10.1097/j.pain.0000000000000174

PMID

25830926

Abstract

This study considered the attentional functioning of adolescents with varying levels of pain catastrophizing. Specifically, we investigated the relationship between pain catastrophizing and attention bias to pain facial expressions. Further, drawing on dual process models in the context of pain, we investigated the moderating role of attention control on this relationship. Adolescents (N=73, 16-18 years) performed a dot-probe task in which facial expressions of pain and neutral expressions were presented for 100 ms and 1250 ms. Participants also completed self-report pain catastrophizing and attention control measures. We found that while there was no main effect of pain catastrophizing on attention bias towards pain faces, attention control did significantly moderate this relationship.

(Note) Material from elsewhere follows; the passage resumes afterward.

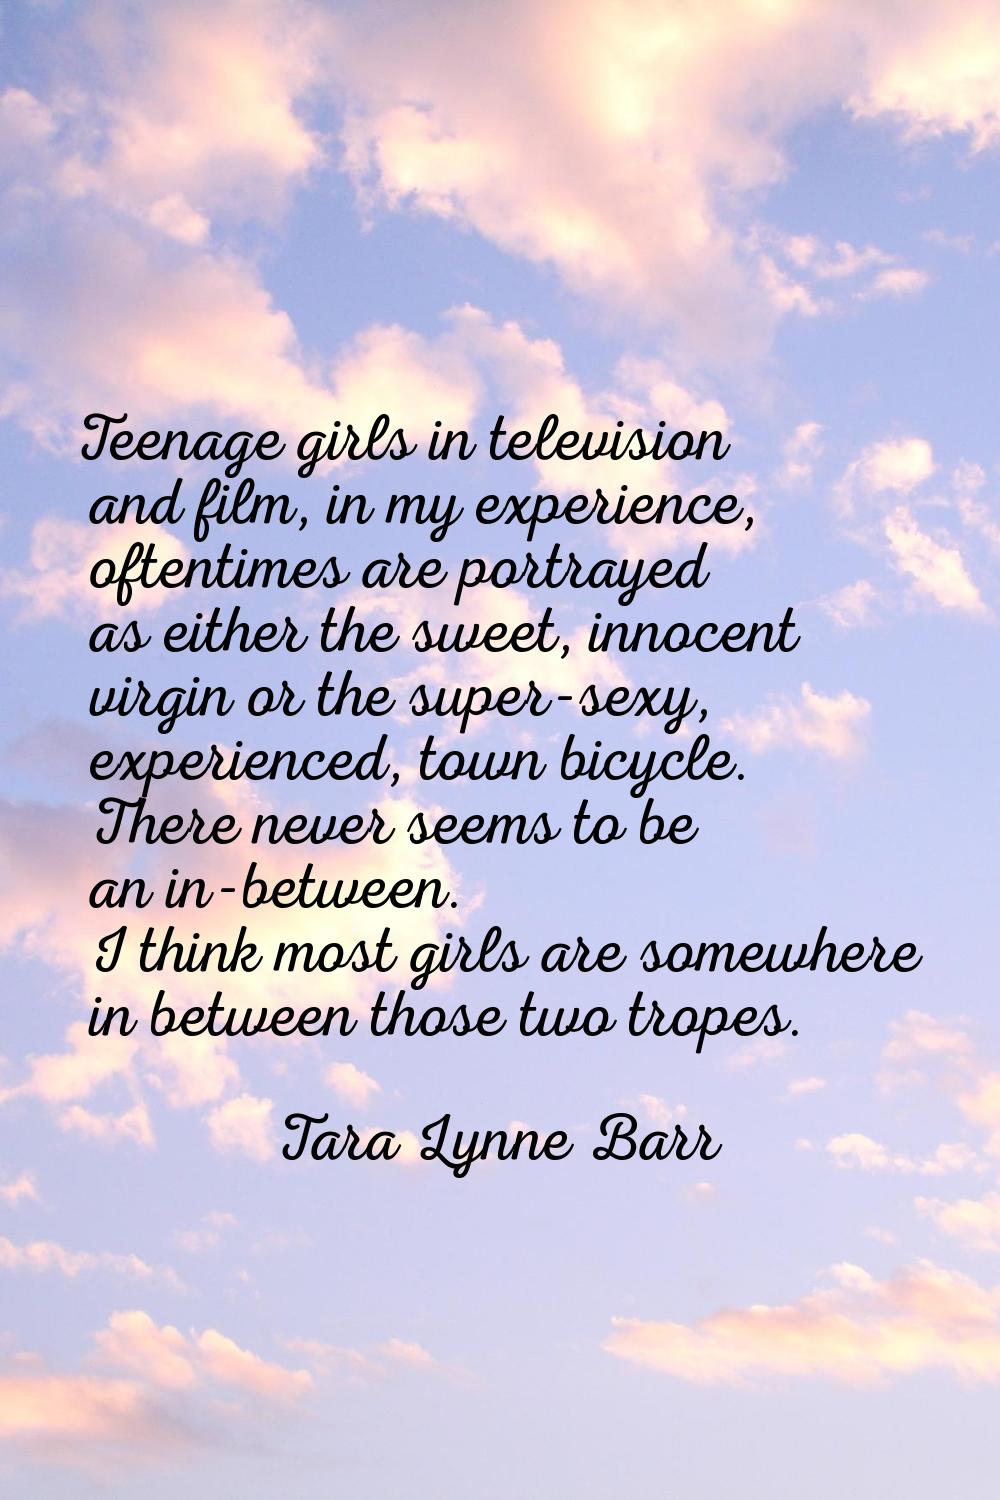 Teenage girls in television and film, in my experience, oftentimes are portrayed as either the swee

Further analysis revealed that lower levels of attention control were significantly associated with increasing attentional vigilance towards pain faces only within high catastrophizing adolescents. In addition, we found that poorer attention control was related to increased attention bias for pain faces (regardless of pain catastrophizing level) when these faces were presented for relatively longer durations (i.e., 1250 ms), but not for short durations (i.e., 100 ms). This study supports a dual process model of attentional processes in pain, thus replicating previous findings within the psychopathology literature but extending them to the study of pain. Theoretical and clinical implications of our findings are discussed.